The Maria Theresa Armoury (Tereziánská zbrojnice) is a former artillery arsenal in Olomouc in today's Czech Republic. It was built in 1768–1769 as part of the Olomouc Fortress and named after Maria Theresa. Since 1999, the building has been used as the headquarters of the library of the Palacký University Olomouc.

==History==
The Maria Theresa Armoury was built between 1768 and 1769 as an artillery arsenal of the Olomouc Fortress, on the site where the Collegium Nobilium stood. Olomouc had become an important fortified city after the loss of much of Silesia to Austria, and was significantly fortified under Maria Theresa. According to legend, Empress Maria Theresa had the arsenal built on Biskupské Square half in front of the Archbishop's Palace because she had a quarrel with the then Bishop of Olomouc and wanted to prevent him from being able to enter his palace by carriage. Between 1771 and 1778, the arsenal was further expanded.

==Present use==
In 1991, the building came into the hands of Palacký University Olomouc (UP) which decided to convert it into a library and information centre. In 1997, the building was occupied by the library.
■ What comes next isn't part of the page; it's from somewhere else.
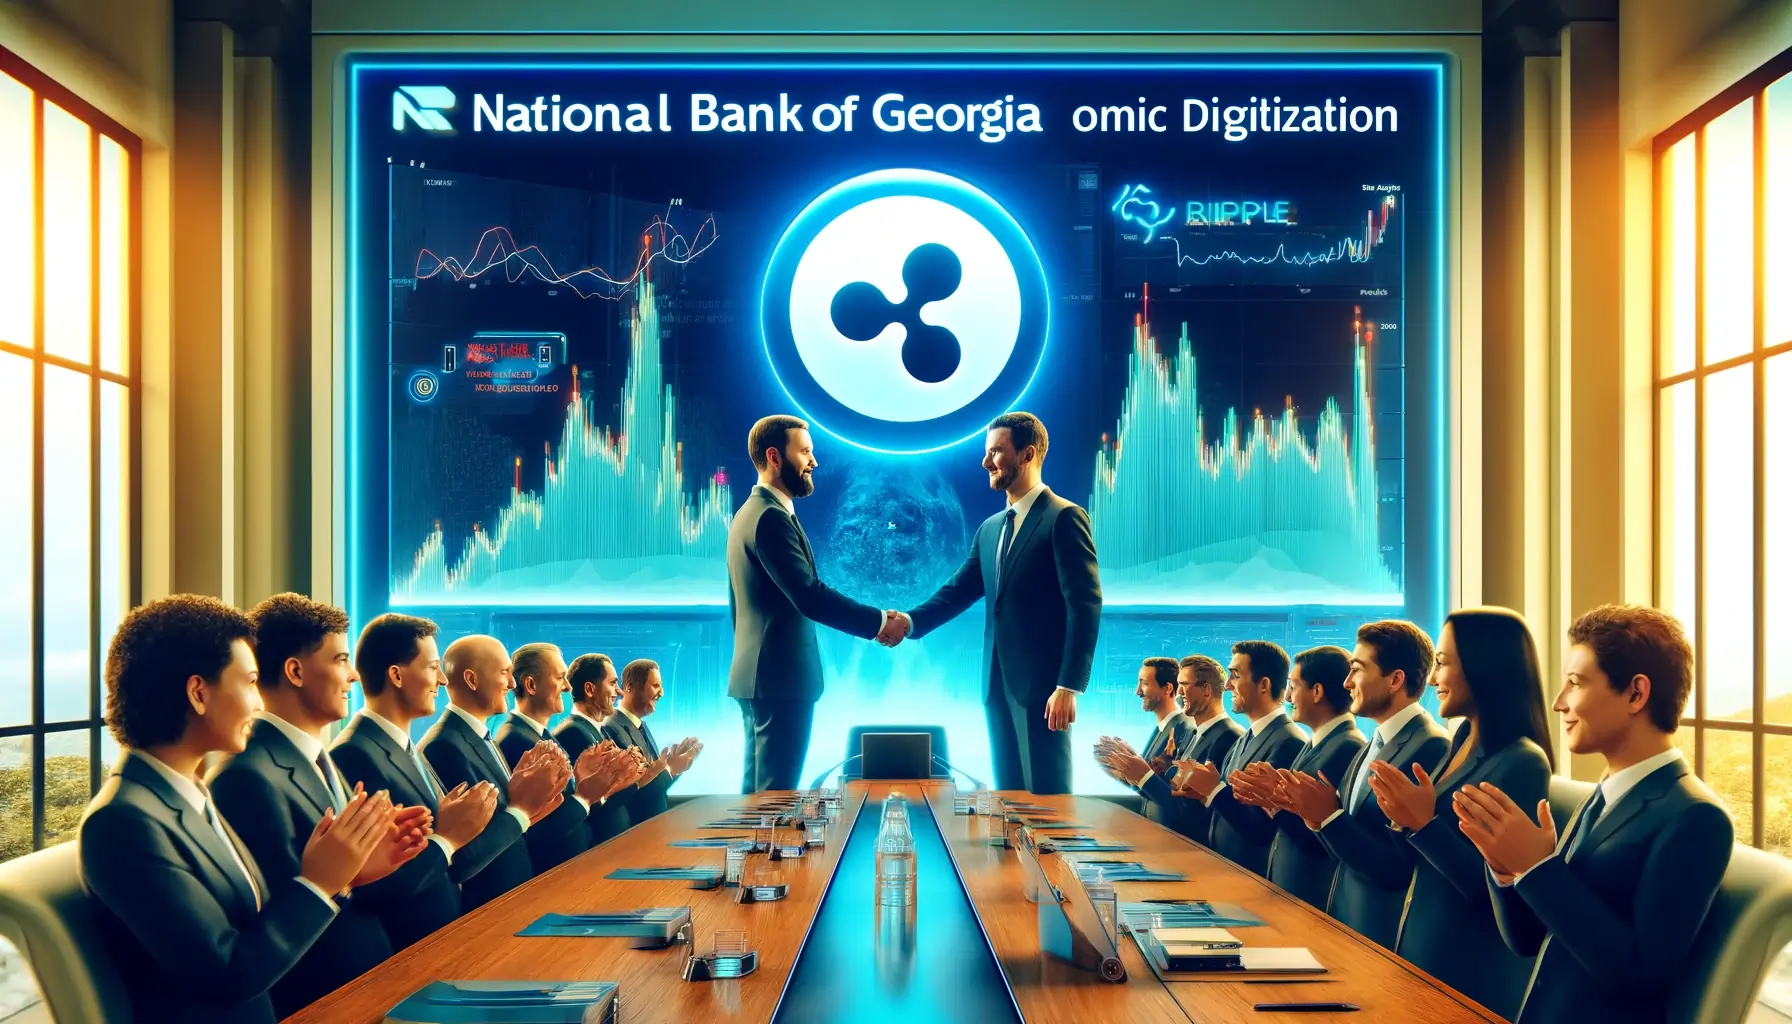 National Bank of Georgia Teams Up with Ripple for Economic Digitization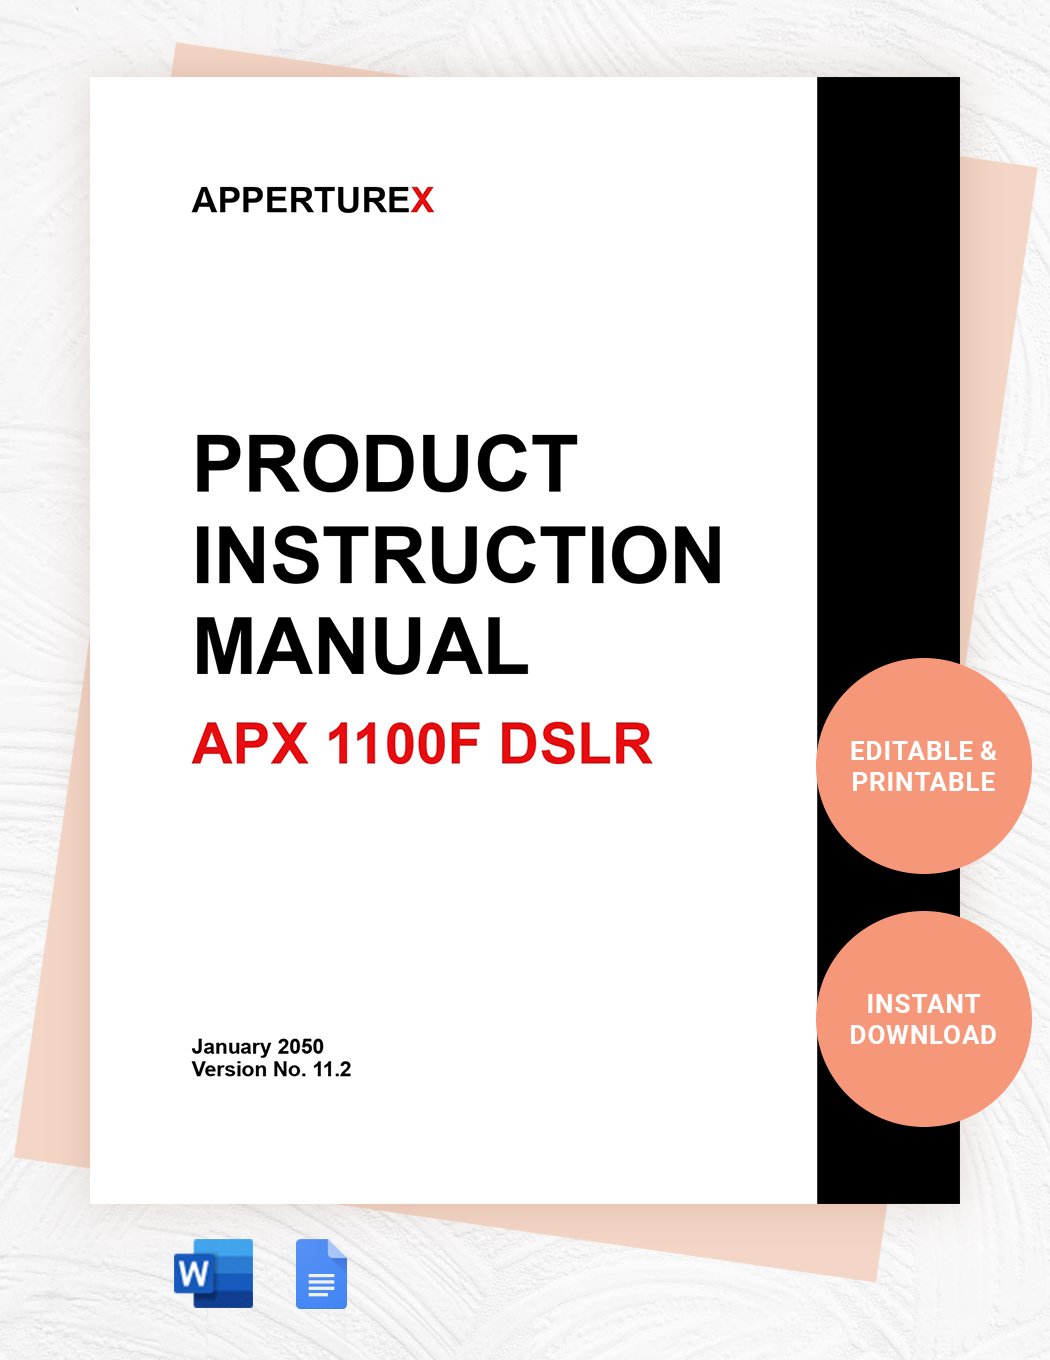 Product Instructions Template

In 1999, the reconstruction was completed and the library was opened. The motto of the university library is "Ze zbrojnic udělejte biblioték" ("Turn arsenals into libraries"), a statement by Moravian educator John Amos Comenius in his work Clamores Eliae (Křiky Eliášovy). Today (in addition to the university library), a restaurant, the university computer technology center, the UP Publishing House, the UP Archive and the Eurocentrum are located here.

==Description==
The Maria Theresa Armoury is a one-story Neoclassical building with an attic and has four wings around a courtyard. The late Baroque decorative elements are typical of Austrian military architecture of this era. On the gable above the building's main entrance is a statue of the Roman god Mars in armor. It is located on the south side Biskupské Square and is further enclosed by Akademická, Křížkovského and Wurmova streets. Next to the arsenal on Biskupské Square is the Archbishop's Palace of the Archbishops of Olomouc.